Ни за что!.. не упустим такую возможность…
 
   А после ресторана, когда мы уселись в машину, месье Брошон то ли предложил, то ли спросил:
   — Давайте заедем в ночное кабаре. «Sexy». Там сегодня неплохая программа.
   Похоже было, что он к этому готовился заранее, поинтересовался, где, что посмотреть, а что кабаре с таким интригующим названием, это для них просто, как почистить зубы. Это в нашем воображении что-то заоблачно запретное. У нас ведь со времен революции секса в стране не было. Не думаю, что месье Брошон нас провоцировал — посмотреть, как мы среагируем. Просто решил добавить гостям удовольствия от вечера еще и культурной программой.

   За ужином было прекрасное вино, да и ужин был под стать, но даже прекрасные вина обладают этим качеством — оставлять в голове пары, которые на некоторое время берут функцию управления человеком на себя. Впрочем, посещение кабаре было вполне логичным продолжением столь приятного вечера в Париже. И в другой обстановке я, скорее всего, промолчал бы, хотя предложение мне понравилось — у советских специалистов никогда не хватит денег, чтобы вот так запросто сходить вечерком в кабаре с таким заманчивым названием. А тут пары скомандовали, и я сказал то, что сказал бы в любой «своей» компании:
   — У нас это называется «пойдем по девочкам»...

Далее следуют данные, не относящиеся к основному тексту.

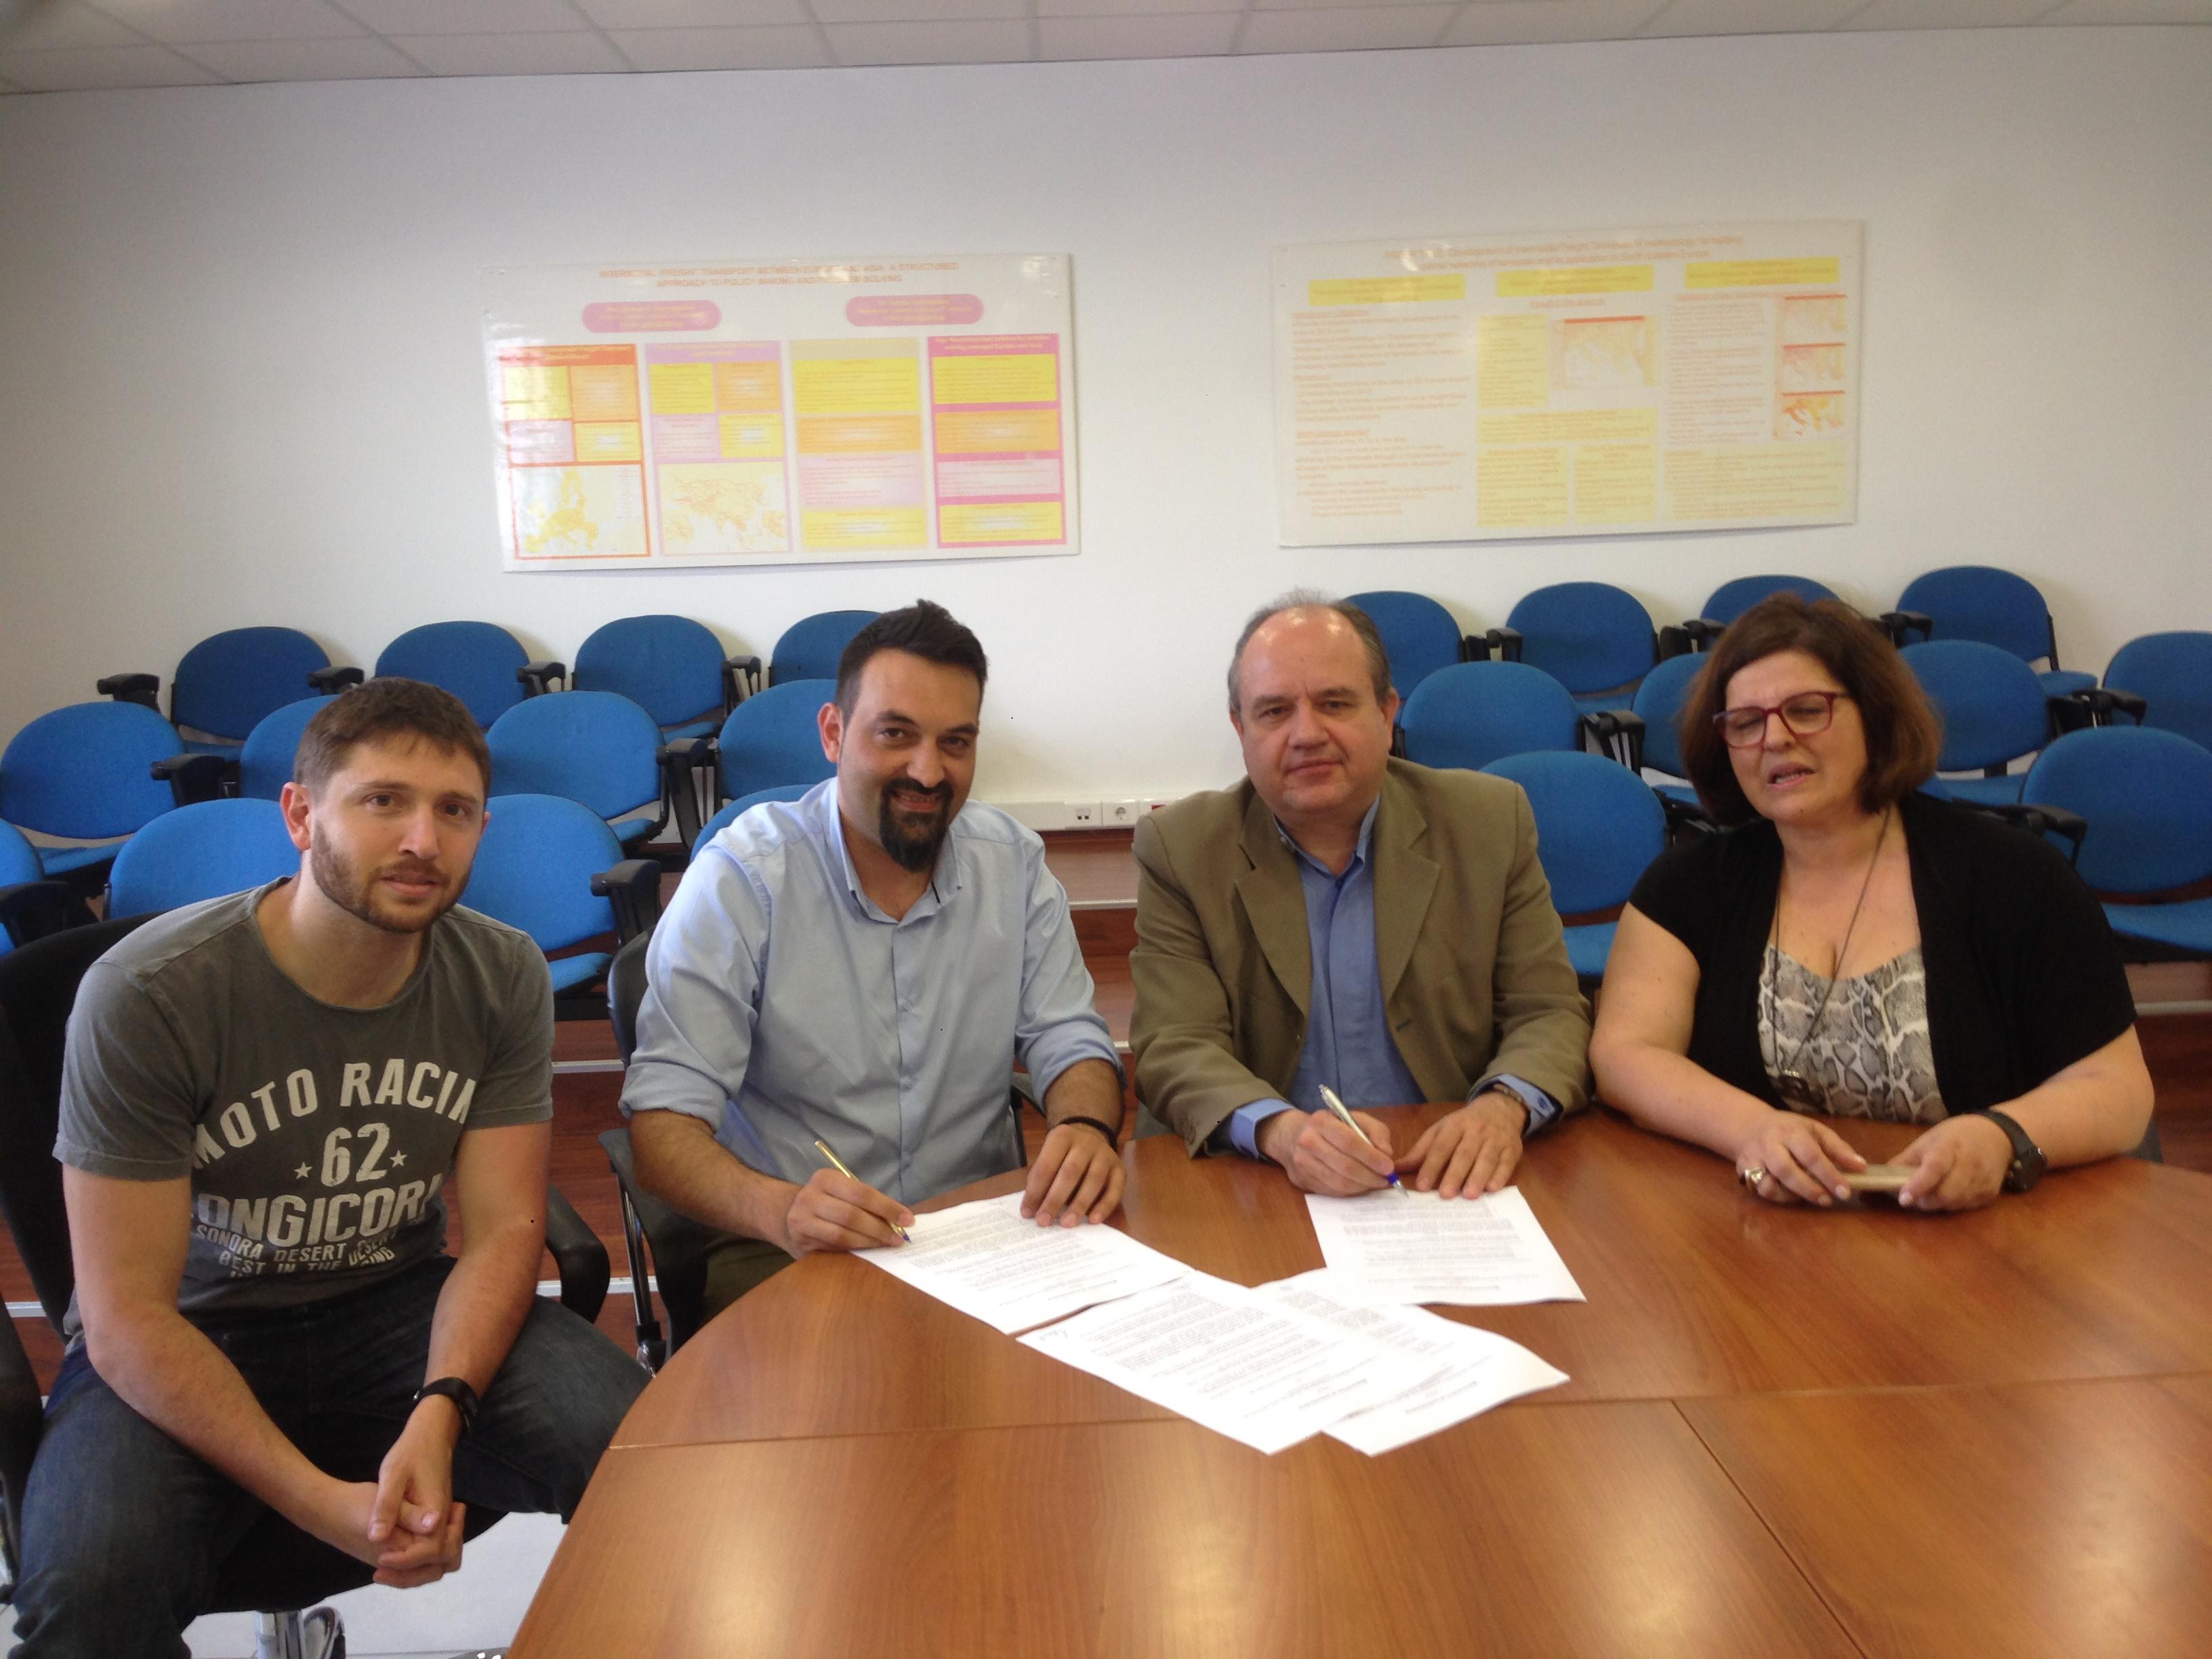 Σύμφωνο Συνεργασίας υπέγραψαν το Ίδρυμα Ανοικτής Γνώσης Ελλάδος και το Ινστιτούτο Βιώσιμης Κινητικότητας και Δικτύων Μεταφορών (Ι.ΜΕΤ))

   Ян промолчал, только засопел немного громче, чем до этой моей реплики. Переводчик наш выруливал на проспект, по которому несся поток машин, и ему было не до моих фраз, а месье Брошон не знал перевода, и моя развязность прошла как бы незаметно.
   Морис наконец сориентировался на улицах и припарковался в уютном переулке, выходящем на Елисейские поля недалеко от Триумфальной арки.
    
   Длинная двухмаршевая лестница в подвал. И это не потому, что кафе с таким названием прячется. Его светящаяся вывеска информирует всех заинтересованных прямо на Елисейских полях. Просто в Париже слишком мало осталось свободного места, и в такой ситуации город начинает строиться по вертикали. 
   Зал миниатюрный, но столиков достаточно. Небольшая освещенная эстрада, на которой несколько часов подряд идет шоу. Это слово достаточно универсально и с шуточным оттенком: не ждите ничего серьезного, здесь «облегченная» программа. «Шоу», и всё тут!

   Во всех парижских кабаре можно и выпить, и перекусить под настроение. И тут возле эстрады за несколькими столами сидели небольшие компании, мужчины и женщины, трапезничали, походя поглядывая на сцену. И по залу стояли еще с десяток столиков, маленьких, высоких, с такими табуретками, которые обычно, как мы видели в западных фильмах, стоят у барных стоек. Мы сели за свободный столик, недалеко от входа, мы были сыты и пришли смотреть шоу. Мгновенно появился парень, которого трудно было назвать официантом: он был небрежно одет во что-то невзрачно-серое. Надо еще учесть, что в зале освещалась только эстрада, поэтому подробно разглядеть его было трудно — одинокая тень, скользящая между столиками. Он поставил на столик четыре фужера и молниеносно открыл шампанское. В нашей группе специалистов уже знали, что, если ты садишься за столик в ночном кабаре, можешь не пить, но шампанское, которое даже не принесли — оно стоит на столе в ожидании клиентов, — откроют, и платить тебе придется. Это — входной билет в кабаре. И стоимость такой бутылки не менее нашей недельной зарплаты. Месье Брошон, впрочем, кивнул, и парень налил шампанское в наши фужеры...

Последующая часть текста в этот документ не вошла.